Some commenters on some broader significances of the WikiLeaks publication of more than 90,000 classified military documents on the war in Afghanistan (not to say that the information these records reveal on the war is not significant in and by itself).
Alexis Madrigal at The Atlantic sees WikiLeaks as a new form of journalistic institution, that can cooperate with the old ones:
The rogue, rather mysterious website provided the raw data; the newspapers provided the context, corroboration, analysis, and distribution. … Traditional media organizations are increasingly reaching out to different kinds of smaller outfits for help compiling data and conducting investigations. NPR is partnering with several journalism startups to deliver their information out to a larger audience. The Investigative Reporting Workshop at American University broke a large story on renewable energy in association with ABC’s World News Tonight. ProPublica’s 32 full-time investigative reporters offer their stories exclusively to a traditional media player.

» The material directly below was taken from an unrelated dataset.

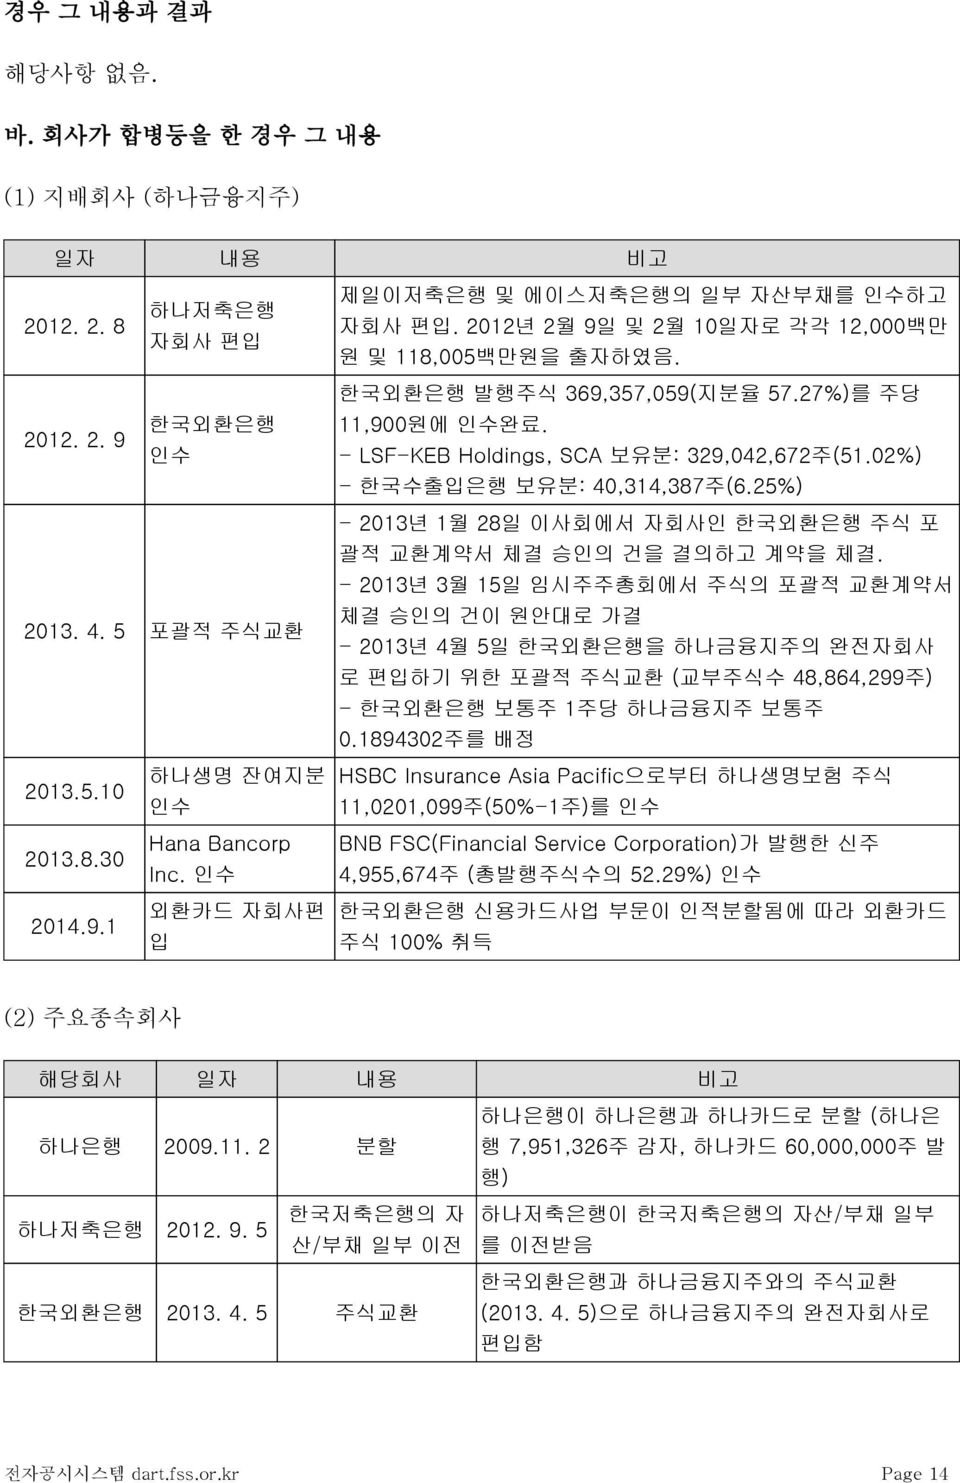 25%) - 2013년 1월 28일 이사회에서 자회사인 한국외환은행 주식 포 괄적 교환계약서 체결 승인의 건을 결의하고 계약을 체결.

A similar point is made by Londonstani at the CNAS blog, who broadens it to include new media in general:
There does seem to be a growing trend internationally away from control and direction by organisations and governments towards impetus for action coming from groups of individuals who are somehow harnessing technology. Organisations like Wikileaks leave grand old names like Reuters, BBC and the New York Times rewriting news they didn’t break. (That said, the NYT is one of a few organisations investing heavily in original reporting, which shows in their output.) At the same time, a leaked video of a girl getting beaten by the Taliban in Swat presented the Pakistani government with the political cover it needed to launch a campaign against the Pakistani Taliban last year.
Jay Rosen at PressThink points to the transnational character of the WikiLeaks organization, and what this means for national security (or better put: government secrecy):
If you go to the Wikileaks Twitter profile, next to “location” it says: Everywhere. Which is one of the most striking things about it: the world’s first stateless news organization. I can’t think of any prior examples of that. (Dave Winer in the comments: “The blogosphere is a stateless news organization.”) Wikileaks is organized so that if the crackdown comes in one country, the servers can be switched on in another. This is meant to put it beyond the reach of any government or legal system. That’s what so odd about the White House crying, “They didn’t even contact us!”
Appealing to national traditions of fair play in the conduct of news reporting misunderstands what Wikileaks is about: the release of information without regard for national interest. In media history up to now, the press is free to report on what the powerful wish to keep secret because the laws of a given nation protect it. But Wikileaks is able to report on what the powerful wish to keep secret because the logic of the Internet permits it. This is new. Just as the Internet has no terrestrial address or central office, neither does Wikileaks.
And, finally, Marc Ambinder at The Atlantic notes that the release of these documents gives investigators the opportunity to find out more about what happened to Afghan detainees captured by elusive special forces units:
WikiLeaks has given journalists and researchers a road map to begin tracking Afghan detainees and the activities of special forces units.
There are about 100 detailed references to something called “OCF” detainee transfers to the Bagram Theatre Internment Facility. OCF stands for “Other Coalition Forces.” Other Coalition Forces is the approved euphemism for special forces units, usually belonging to the Joint Special Operations Command. Researchers can now begin to track the dates when people disappeared and when they were transferred. By the time of the strategy turn, there were more than 750 people in custody in Bagram, out of more than 4,500 detainees that were there at one point. Where did the rest go? When where they released?